Ancient forests (old forests that have never been cleared or seriously damaged) are increasingly rare. Once an ancient forest is gone, it will never grow back to contain the variety of plant and animal life that it had before. But secondary forests (forests that have been damaged but are growing back) can provide many of the same resources as ancient forests if they are allowed to grow and maintain biodiversity. And forests planted by people and managed well can also provide many resources to support community health.

A healthy forest takes a long time to grow, but there are things you can do to give it a good start. Controlling erosion, preparing the soil, and planting native trees or trees that are appropriate to your area will help a forest grow well. Following the natural order of tree growth in forests is another way to help produce a healthier forest (see Chapter 11).

Is planting trees always helpful?

Before beginning a community reforestation project, be sure it will meet the needs of your community and your local environment.
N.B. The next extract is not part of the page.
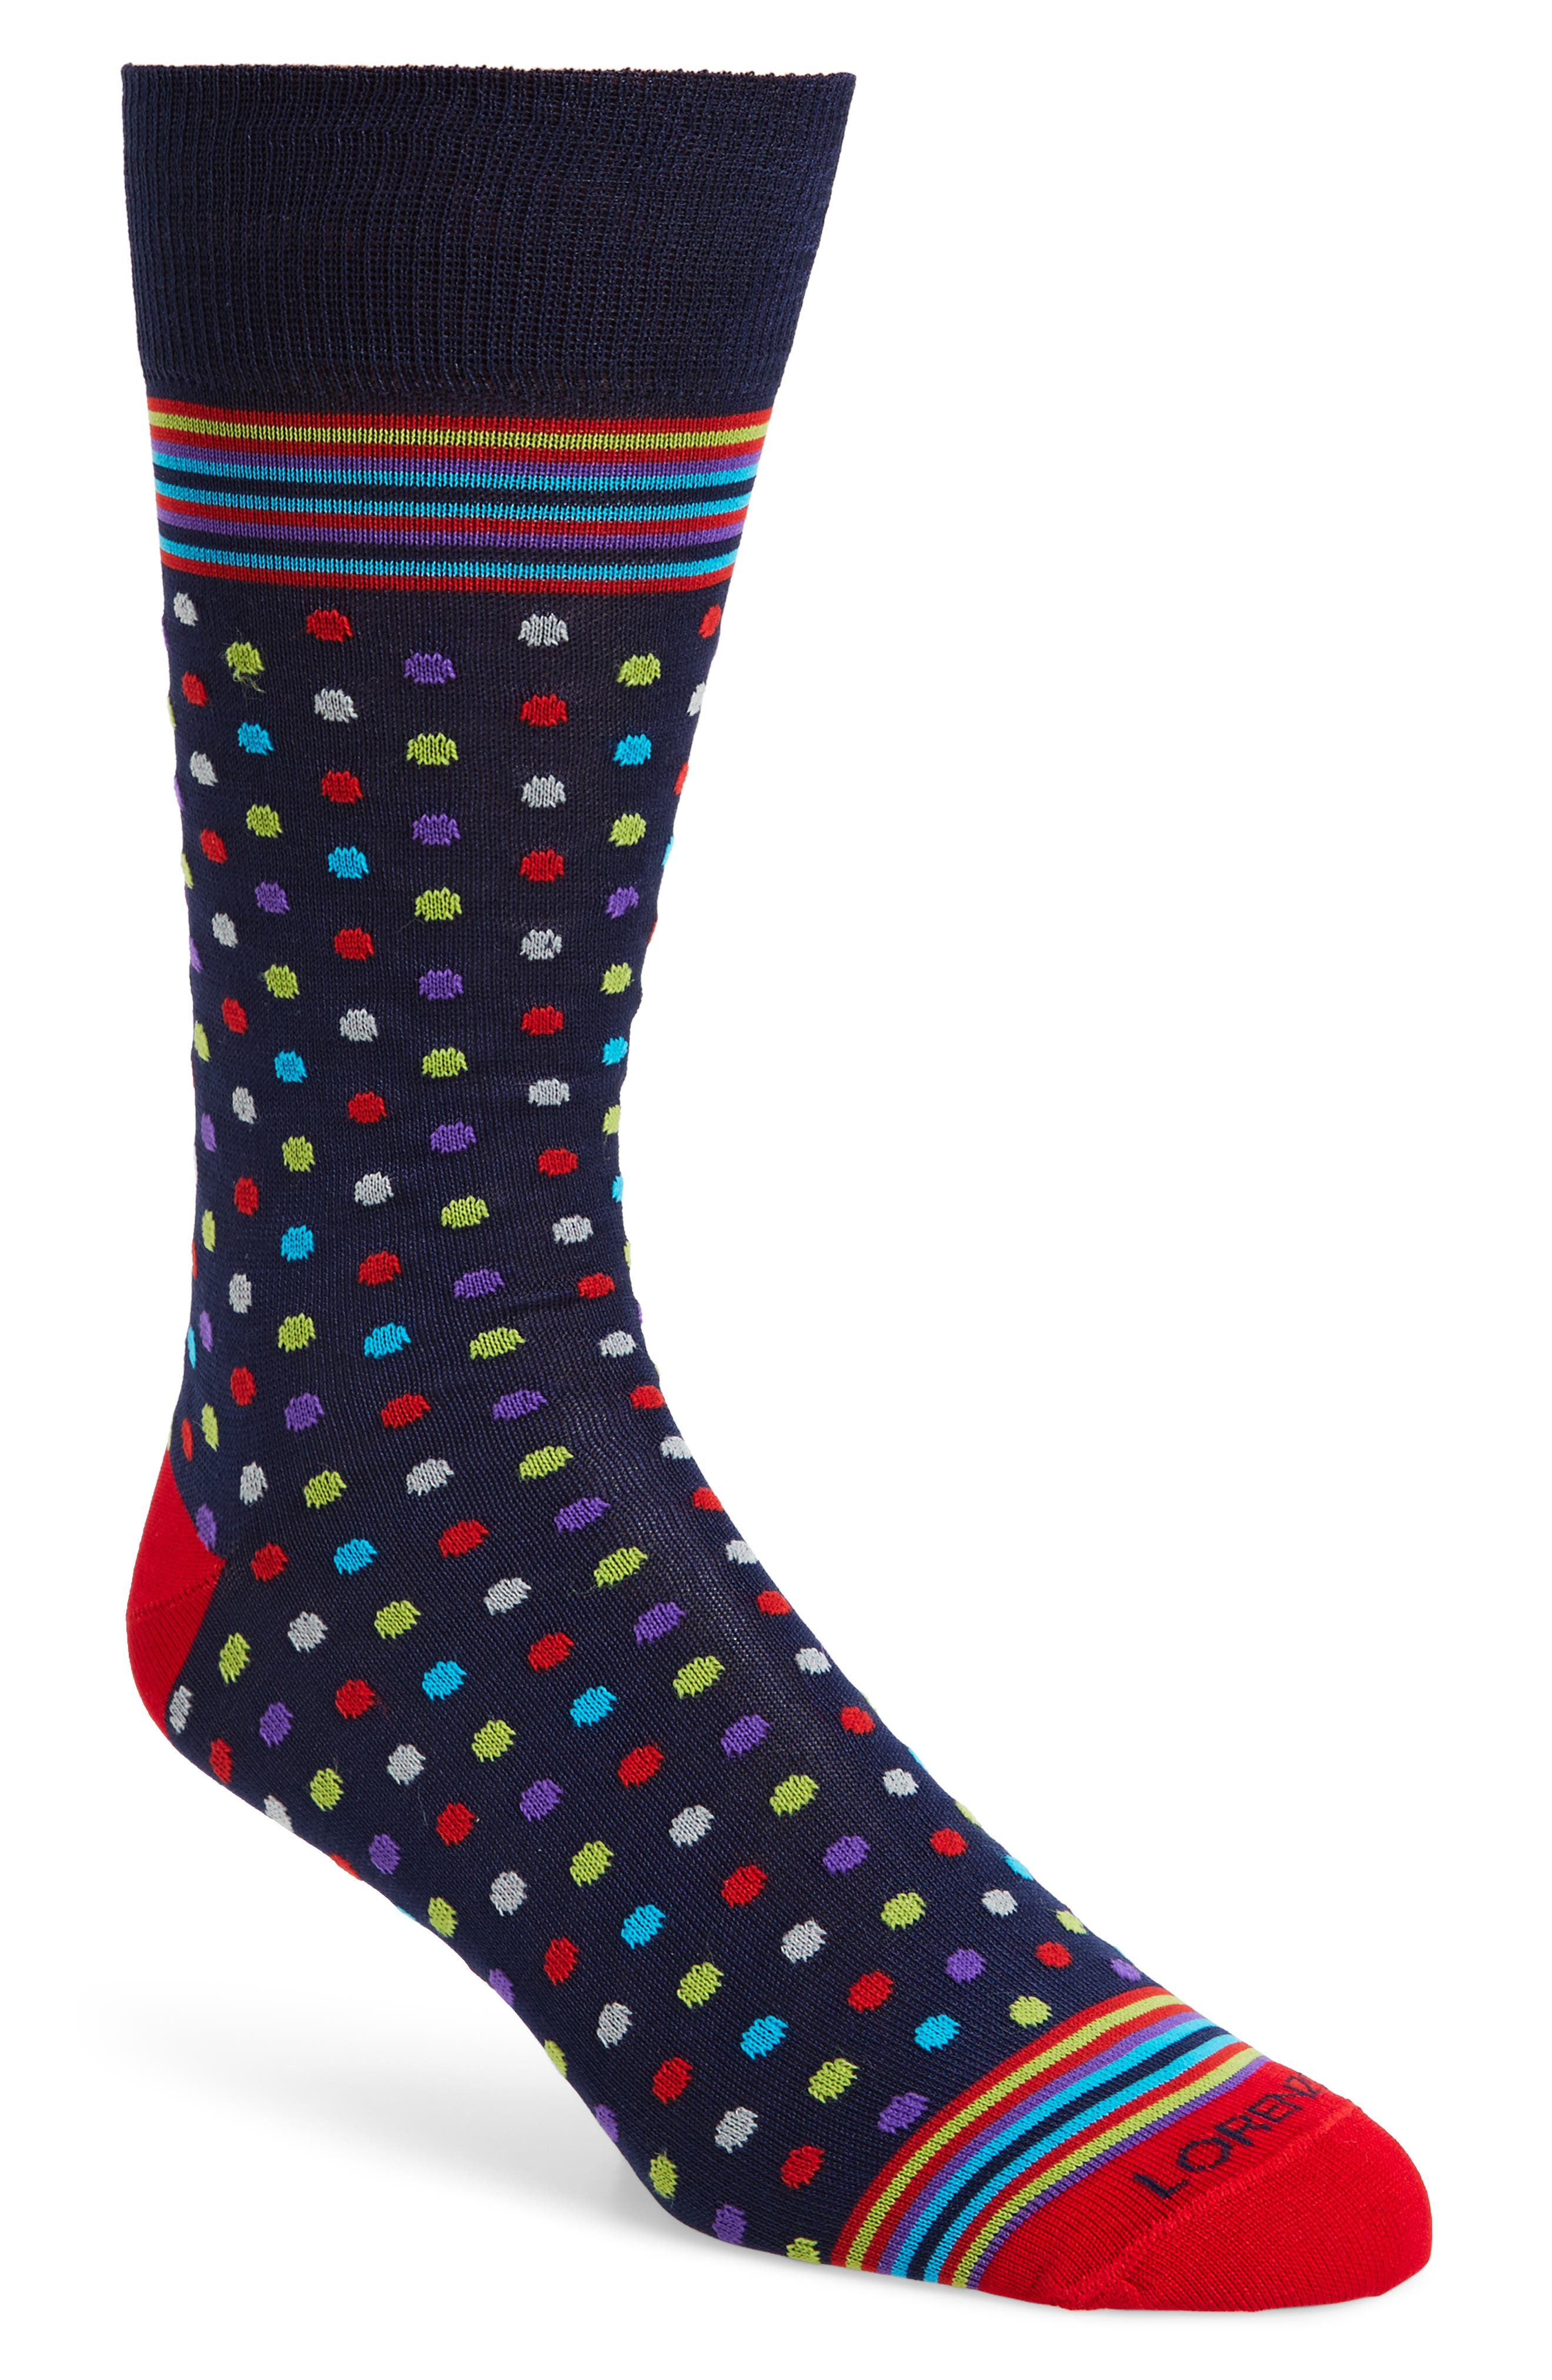 Lorenzo Uomo Dots and Stripes Socks (3 for $30)

Trees may compete with crops for limited water and land. Sometimes it is too much work to care for young trees in harsh environments. Planting trees where they cannot or will not be cared for leads to failed projects and dead trees.

If your community relies on forest products, such as timber or fruit, planting trees may be a good way to quickly bring back forest resources. If your community mainly relies on the forest for providing hunting grounds or protecting soil, air, and water, then you may benefit more by protecting areas of land from being used while trees regrow on their own.
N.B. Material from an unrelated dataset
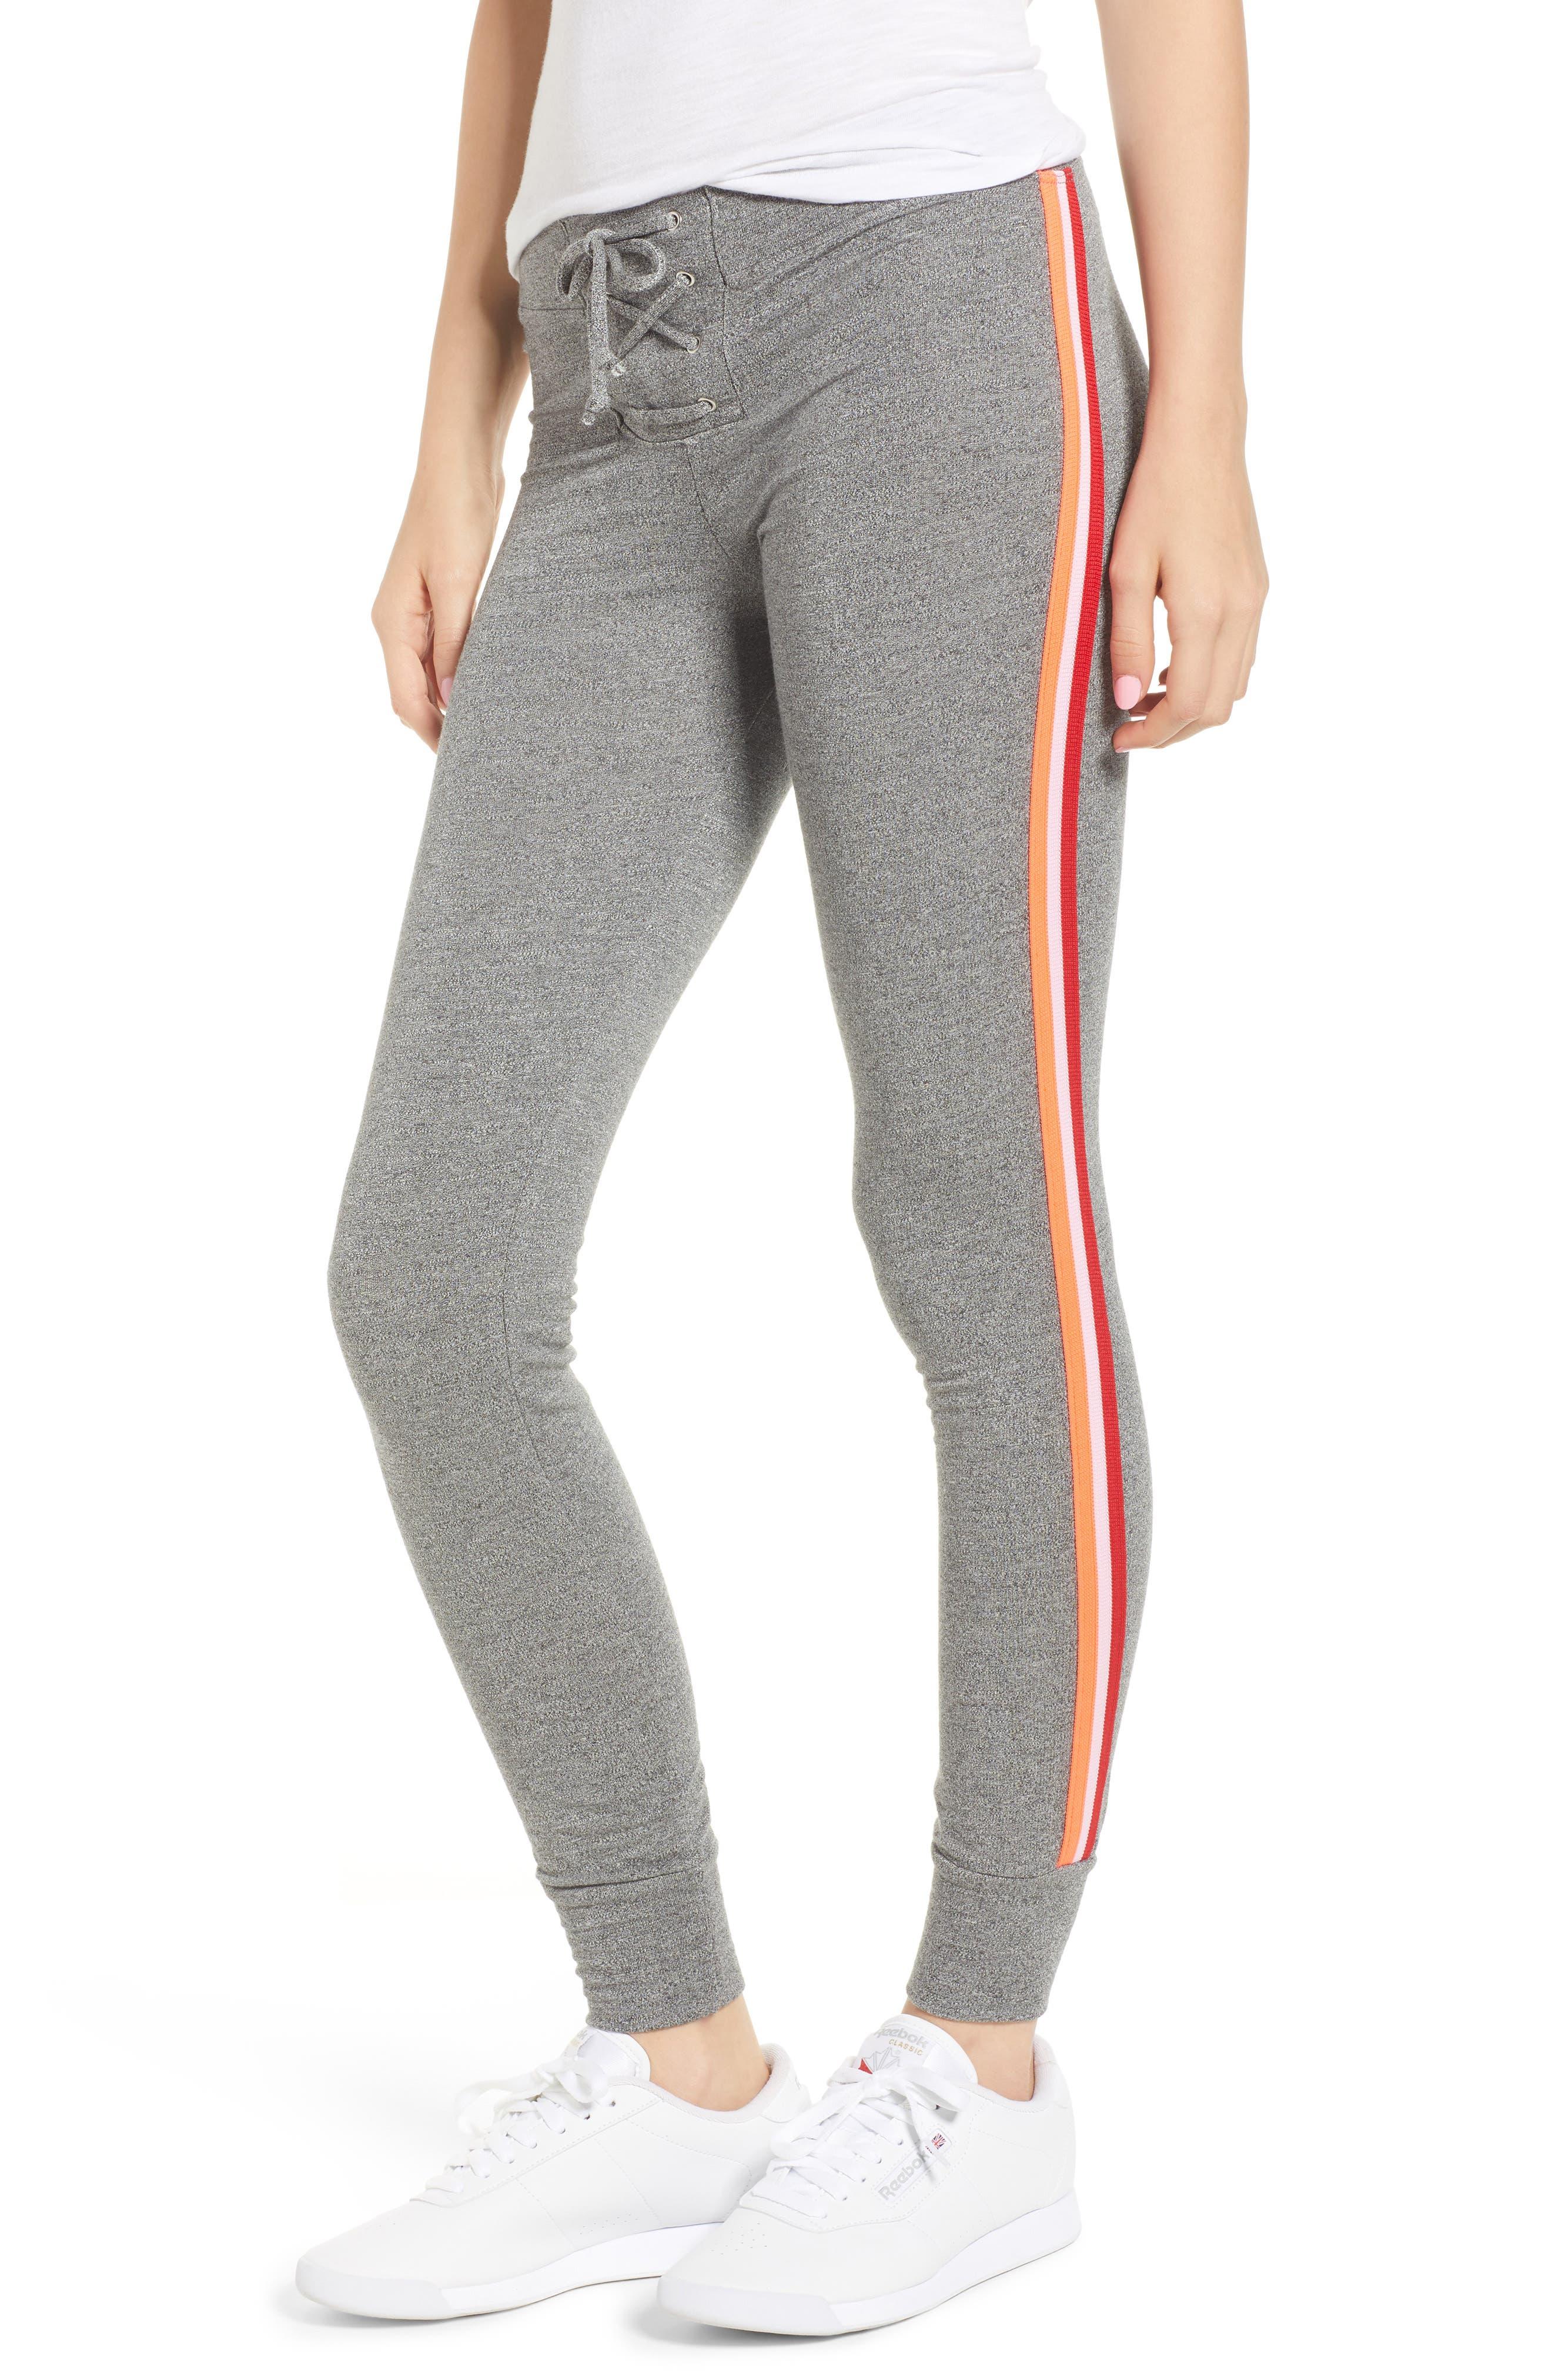 Sundry Lace-Up Skinny Sweatpants

Forests are not right for all places. Few trees grow naturally in deserts, marshes, or grasslands. If people try to plant trees in these places it may disturb the balance of plants and animals. But in other places where there are few trees, such as in cities and towns, planting trees along roads, near factories, and in parks may greatly improve the health and well-being of the community.
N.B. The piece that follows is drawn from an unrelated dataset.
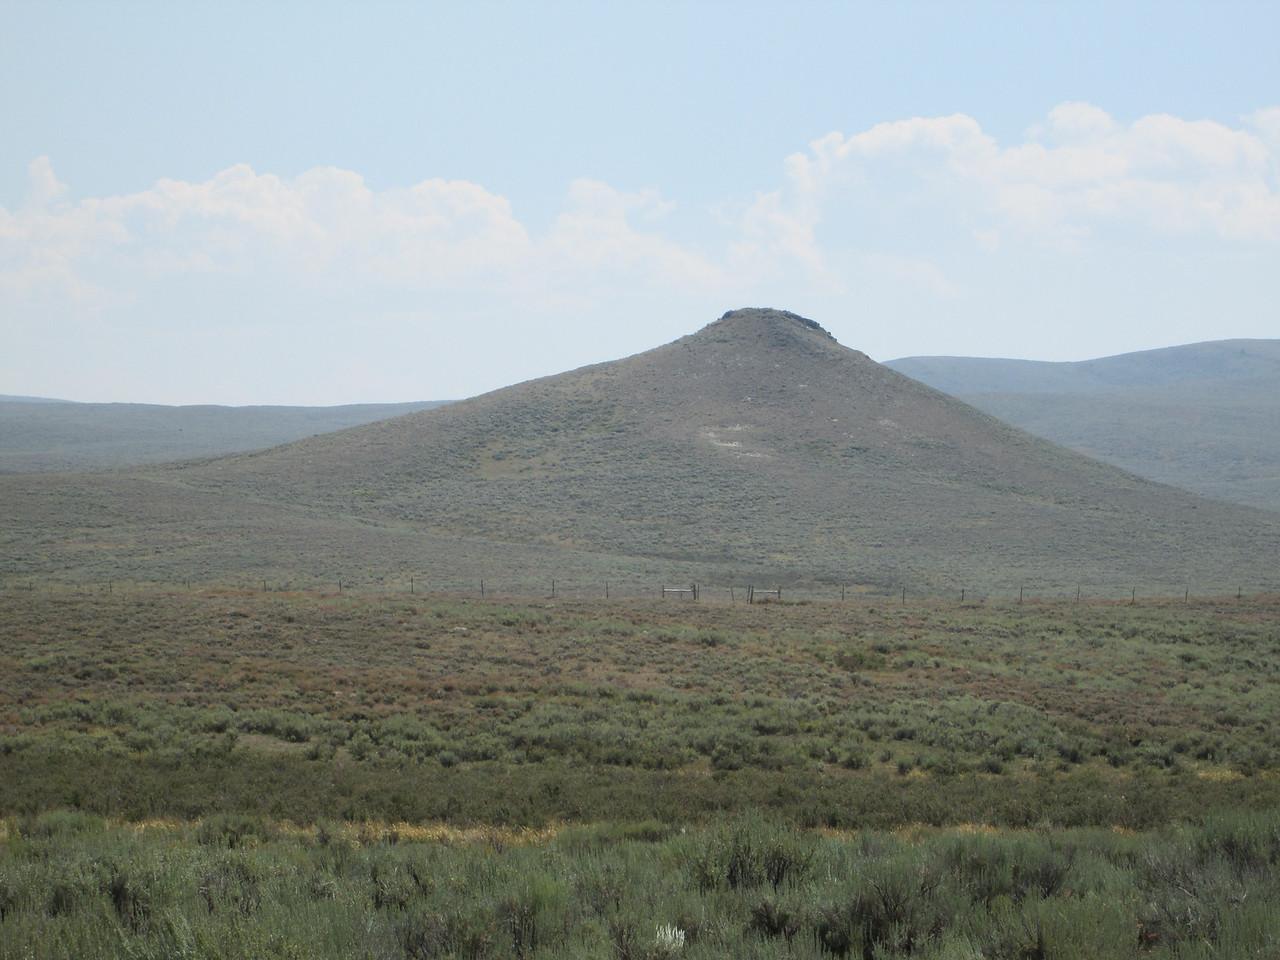 20130814 Antelope Peak on the Dufner Ranch

Who owns the land, and what are the laws?

If you want to reforest land and use its products later, be sure you will be allowed to use the forest once it is grown. Knowing who legally owns the land and getting permission before planting trees can help avoid problems later. Land that once was poor and barren will become valuable once it is covered by healthy forest. Also, some places have laws that prohibit people from cutting or using certain trees, even if they planted them themselves. Find out if there are such laws where you live.

Different trees meet different needs

The kinds of trees planted should be decided based on what people in the community need and want.

People sit together and discuss.
If we want a place to relax and enjoy...
...we should plant shade trees in a public place, like a park.
But we also want to protect our water supply...
...so we should plant slow-growing trees along rivers and around springs.
People sit together and discuss.
We need to prevent erosion...
...we can plant trees with deep roots on bare hillsides where the forest was cut down.

People sit together and discuss.

What about firewood, lumber, or animal fodder for the community?
We can plant a mix of trees on common land for everyone to use.
I would like food, medicine, and animal fodder for my family...
...so we will plant a mix of trees close to the house.
Although it may take time and patience, by using everyone’s knowledge and considering everyone’s needs, a good plan can be made for the whole community.